Published online Aug 18, 2025. doi: 10.5312/wjo.v16.i8.109885
Revised: June 11, 2025
Accepted: July 18, 2025
Published online: August 18, 2025
Processing time: 76 Days and 5.7 Hours
Leg length discrepancy (LLD) following total hip arthroplasty (THA) is a common complaint, leading to decreased patient satisfaction. However, the effect of LLD before THA on outcomes and complications is not well defined.
To assess the effect of prior LLD on rates of falls, implant-related complications, stay length, readmissions, and implant survival following THA.
A retrospective review of a nationwide insurance database was conducted from 2010 to 2021. All cases of THA and those with a prior diagnosis of LLD were identified. THA patients with LLD were matched to control patients 1:5 based on demographic and comorbidity profiles. Two-year fall rates and implant complications, lengths of stay, 90-day readmissions, and time to revision were compared between cohorts.
A total of 2038 patients with LLD were matched to 10165 control patients. The LLD group showed significantly greater rates of falls [odds ratio (OR) = 1.58; 95% confidence interval (95%CI): 1.24-2.01], dislocation (OR = 2.61; 95%CI: 2.10-3.24), mechanical loosening (OR = 4.58; 95%CI: 3.28-6.29), and periprosthetic fracture (OR = 2.70; 95%CI: 1.96-3.72) compared to the control group (all P < 0.001). Mean length of stay (LOS) was also significantly higher in the LLD group (3.1 days vs 2.8 days, P = 0.034). No significant difference in 90-day readmission rates (7.75% vs 7.02%, P = 0.244) was observed between the groups (P = 0.244). Time to revision was significantly less in the LLD group (225 days vs 544 days, P < 0.001).

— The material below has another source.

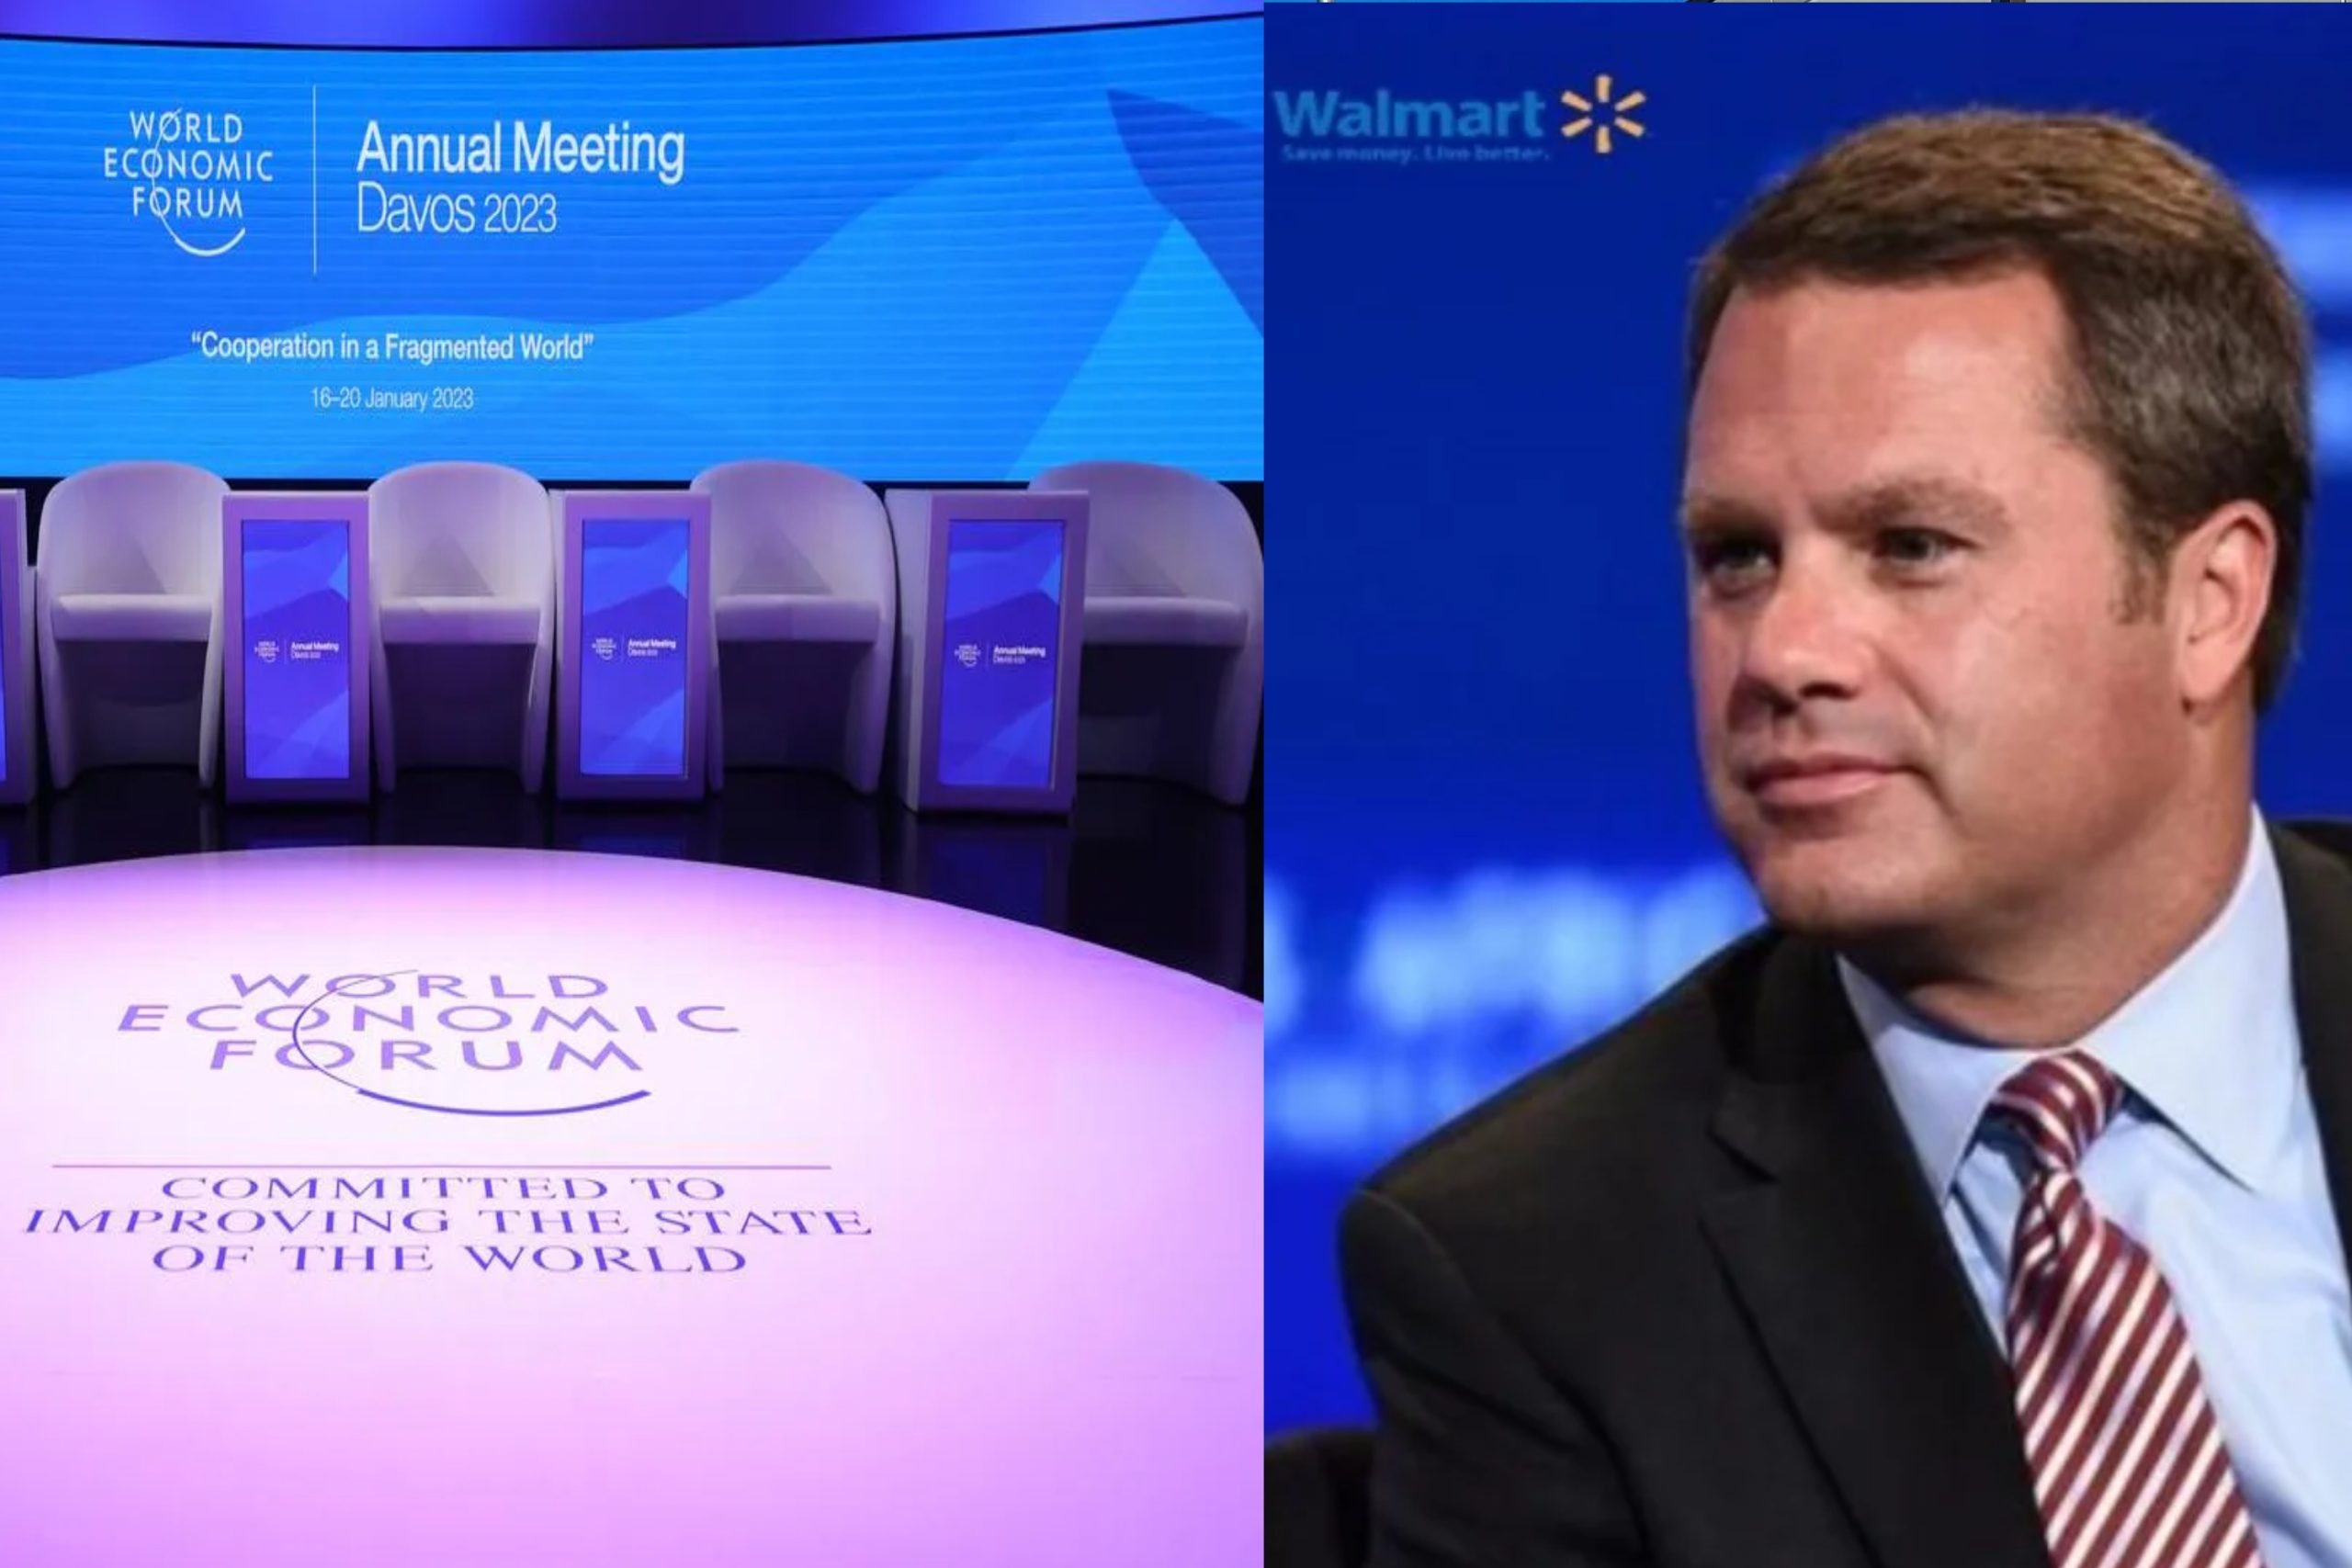 Sustainable and climate-friendly products need to be affordable, Walmart CEO says at Davos

LLD in patients having THA is related with significantly higher fall risk, rates of implant-related complications, LOS, and quicker time to revision. Identifying patients with LLD before their THA may help in identifying risks, better patient counselling, and more effective preoperative planning. However, the study have important limitations: Its design lacks information on the degree and cause of LLD, the time between diagnosis and surgery, and which leg with the discrepancy underwent the operation. Future well-designed studies should confirm the findings of this study.
Core Tip: Leg length discrepancy (LLD) after total hip arthroplasty (THA) is a routine complaint, resulting in decreased patient satisfaction. Yet, the consequence of LLD before THA on outcomes and complications is not well defined. Here, we assessed the effect of prior LLD on rates of falls, implant complications, length of stay, readmissions, and implant survival following THA. Patients undergoing THA with LLD exhibited markedly elevated rates of falls, increased odds of prosthetic complications, prolonged hospitalization, and earlier revision timelines. Considering these implications, assessing limb length before surgery becomes crucial to enhance surgical planning and perioperative management, thereby mitigating associated risks.